1. A method for adaptively managing pages in a cache memory with a
variable workload, comprising: maintaining the cache memory into a first
list L1 and a second list L2; wherein the cache memory has a capacity to
store c pages; and adaptively distributing the workload between the
first list L1 and the second list L2, to a total capacity of c pages.

Given the prior art, the critical word in this sentence is "adaptively";
take that out and you have nothing that wasn't published long before.
If we remove the adaptivity --- ie, just use a fixed division of list
sizes --- we escape claim 1 and all the other claims that depend on it.

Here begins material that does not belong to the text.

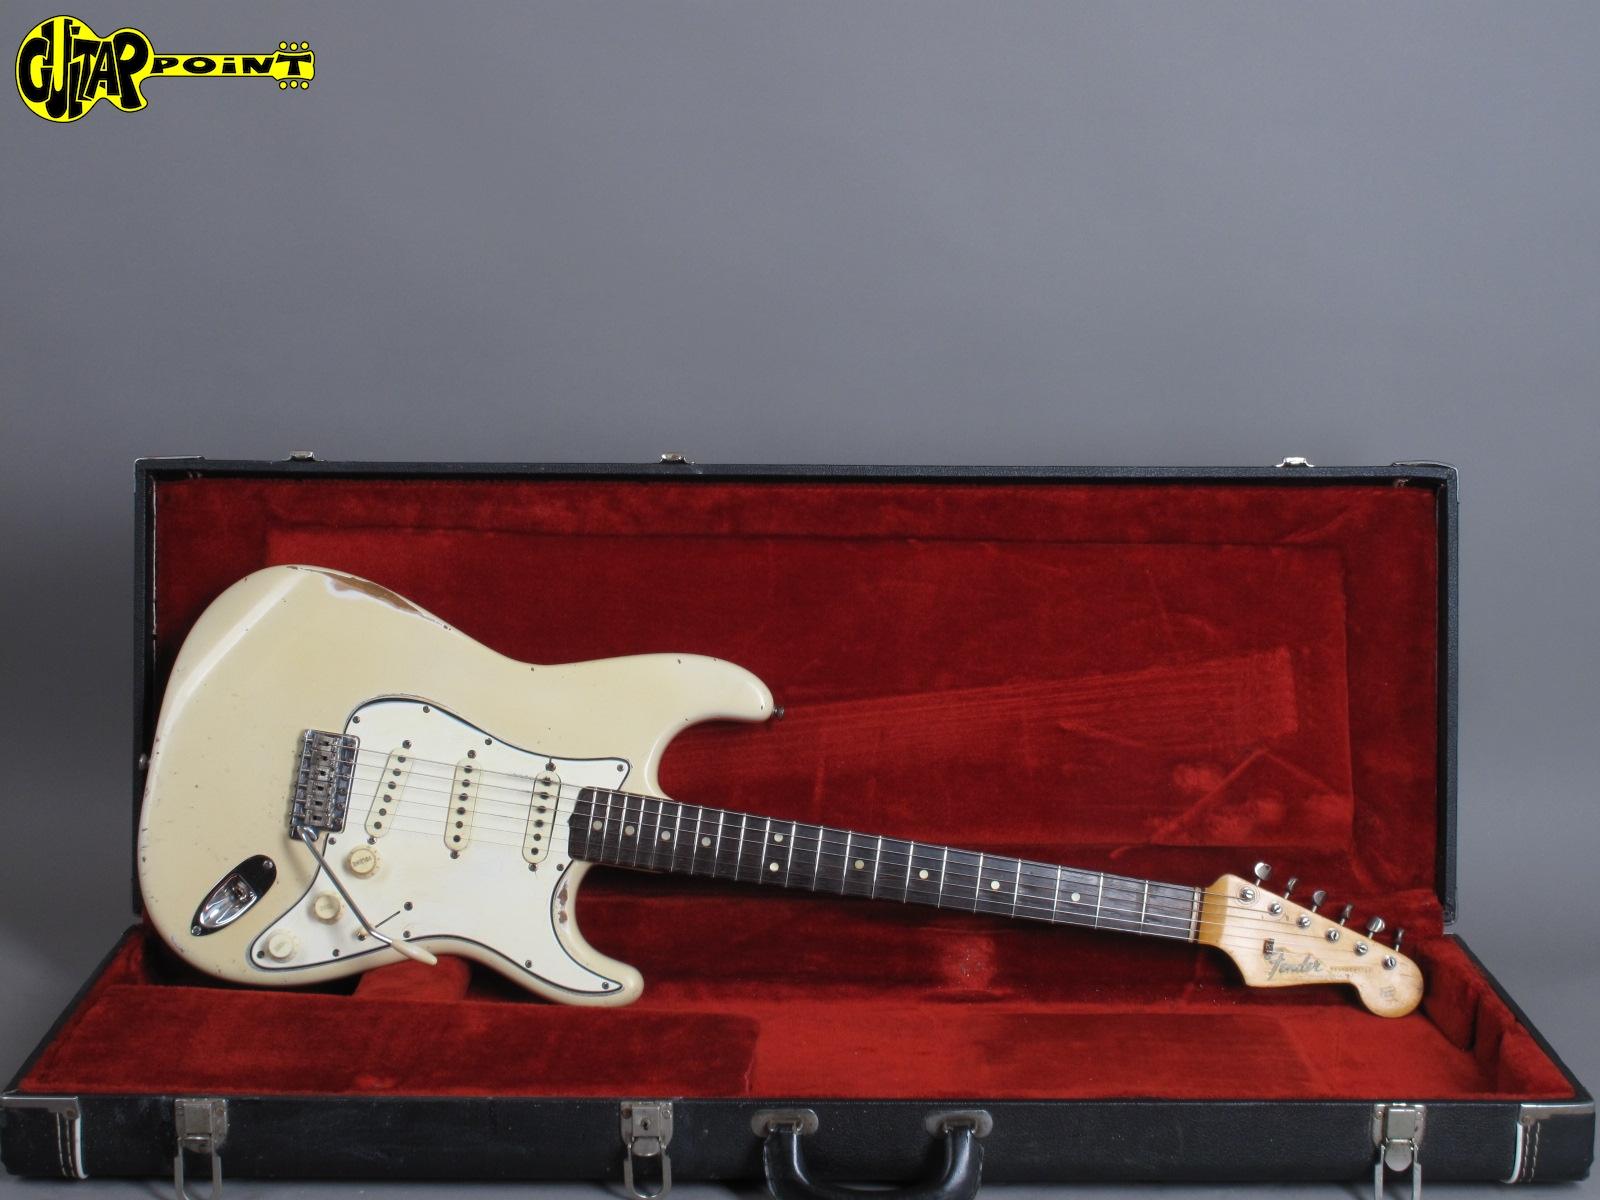 https://guitarpoint.de/app/uploads/products/1965-fender-stratocaster-olympic-white-refin/Fender65StrOW_L78233_4.jpg

The only other claim that isn't dependent on claim 1 or a restatement of
it is

45. A method for adaptively managing pages in a memory, comprising:
defining a cache memory; defining a cache directory; organizing the
cache directory into fours disjoint lists of pages: list T1, list T2,
list B1, and list B2; and wherein the cache memory contains pages that
are members of any of the list T1 or the list T2.

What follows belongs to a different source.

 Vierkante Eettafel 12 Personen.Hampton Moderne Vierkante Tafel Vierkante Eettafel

So if we use non-variable sizes of T1/T2 and don't use the four-way
list structure to manage remembrance of pages-formerly-in-cache,
we escape the patent. But we still have scan resistance, which is the
main thing that ARC was going to buy us. Pages that are scanned only
once don't get out of A1 and so aren't able to swamp out pages
referenced multiple times.

After reading the 2Q paper my inclination is to use exactly Johnson and
Shasha's "simplified 2Q" algorithm, which uses just A1 and Am with no
remembrance of formerly cached pages. Their "full 2Q" algorithm strikes
me as a tad bizarre because it will only promote a page into Am after it
has fallen out of A1, ie, it takes two physical reads of the page to
get into Am. That's just weird. I think that pages should advance from
A1 into Am on second reference. Given that, you don't need any
remembrance of pages that were formerly in A1, which basically halves
the memory overhead of the ARC algorithm.

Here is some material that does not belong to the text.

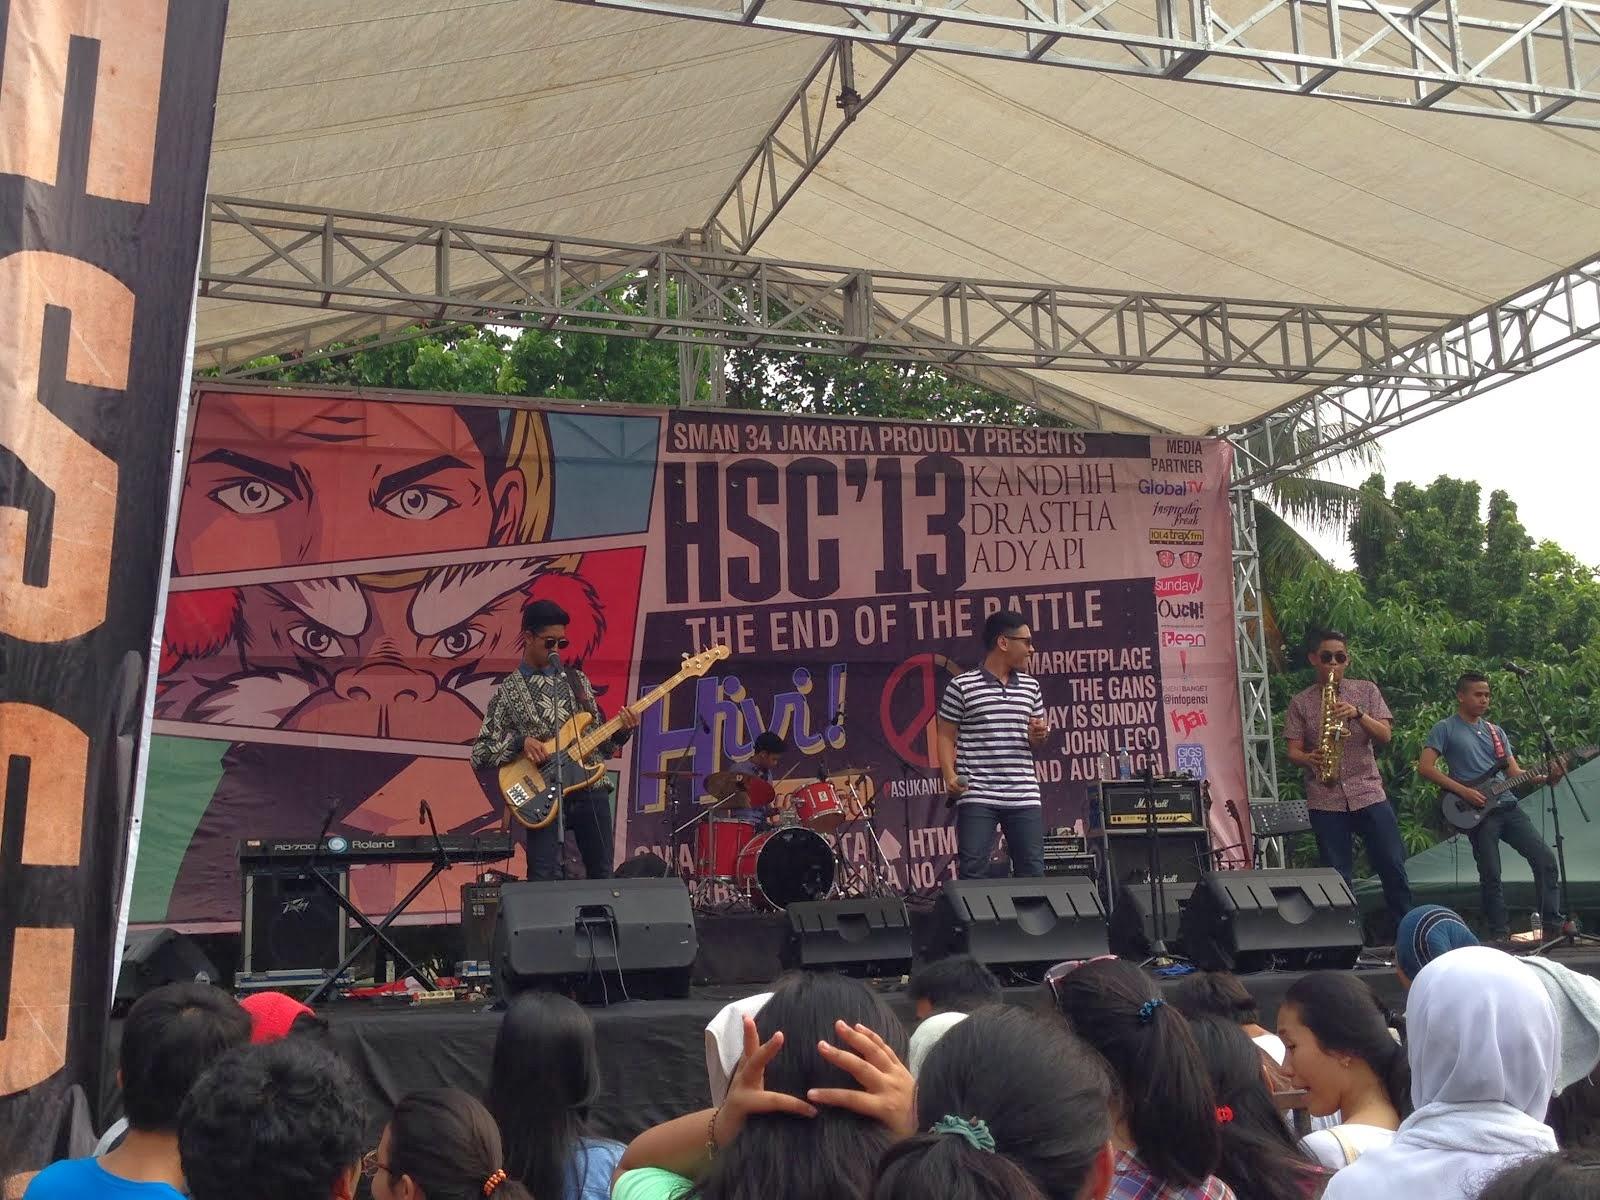 HSC '13, SMA 34 Jakarta

An advantage of heading in this direction (as opposed to, say, LRU/k
or other algorithms) is that this represents a direct simplification
of the ARC code we have now. We can probably implement it almost
entirely by deletions from freelist.c, with little newly written code.
That gives me a whole lot more confidence that the result will be
reliable enough to back-patch into 8.0.*.

Comments?

regards, tom lane

---------------------------(end of broadcast)---------------------------
TIP 4: Don't 'kill -9' the postmaster

Digg this Post!Add Post to del.icio.usBookmark Post in TechnoratiFurl this Post!
Reply With Quote
  #2 (permalink)  
Old 04-11-2008, 03:36 AM
Jonah H. Harris
 
Posts: n/a
Default Re: Escaping the ARC patent

I found the reference I had seen. The engine was the Multicache
Simulation Environment written in C++. I can't find the code to it
anymore but I've contacted the author for a copy.

Jonah H. Harris wrote:

> I'll dive into my bookmarks and see if I can find it.
>
> Tom Lane wrote:
>
>> "Jonah H. Harris" <jharris@tvi.edu> writes:
>>
>>
>>> I'm familiar with the 2Q algorithm. I also remember seeing, I
>>> believe, a public domain 2Q implementation floating around somewhere.
>>>

>>
>>
>> No doubt, but I think the more conservative way to get there is to
>> proceed by trimming down the working code we already have. Adapting
>> someone else's code to fit into our backend infrastructure would involve
>> a fair amount of modifications (memory management and error handling at
>> the very least) with consequent risks of introducing bugs.
>>
>> Still, it wouldn't be bad to have someone else's implementation at hand
>> as a comparison point. Do you have a link handy?
>>
>> regards, tom lane
>>
>>

>
>
> ---------------------------(end of broadcast)---------------------------
> TIP 2: you can get off all lists at once with the unregister command
> (send "unregister YourEmailAddressHere" to majordomo@postgresql.org)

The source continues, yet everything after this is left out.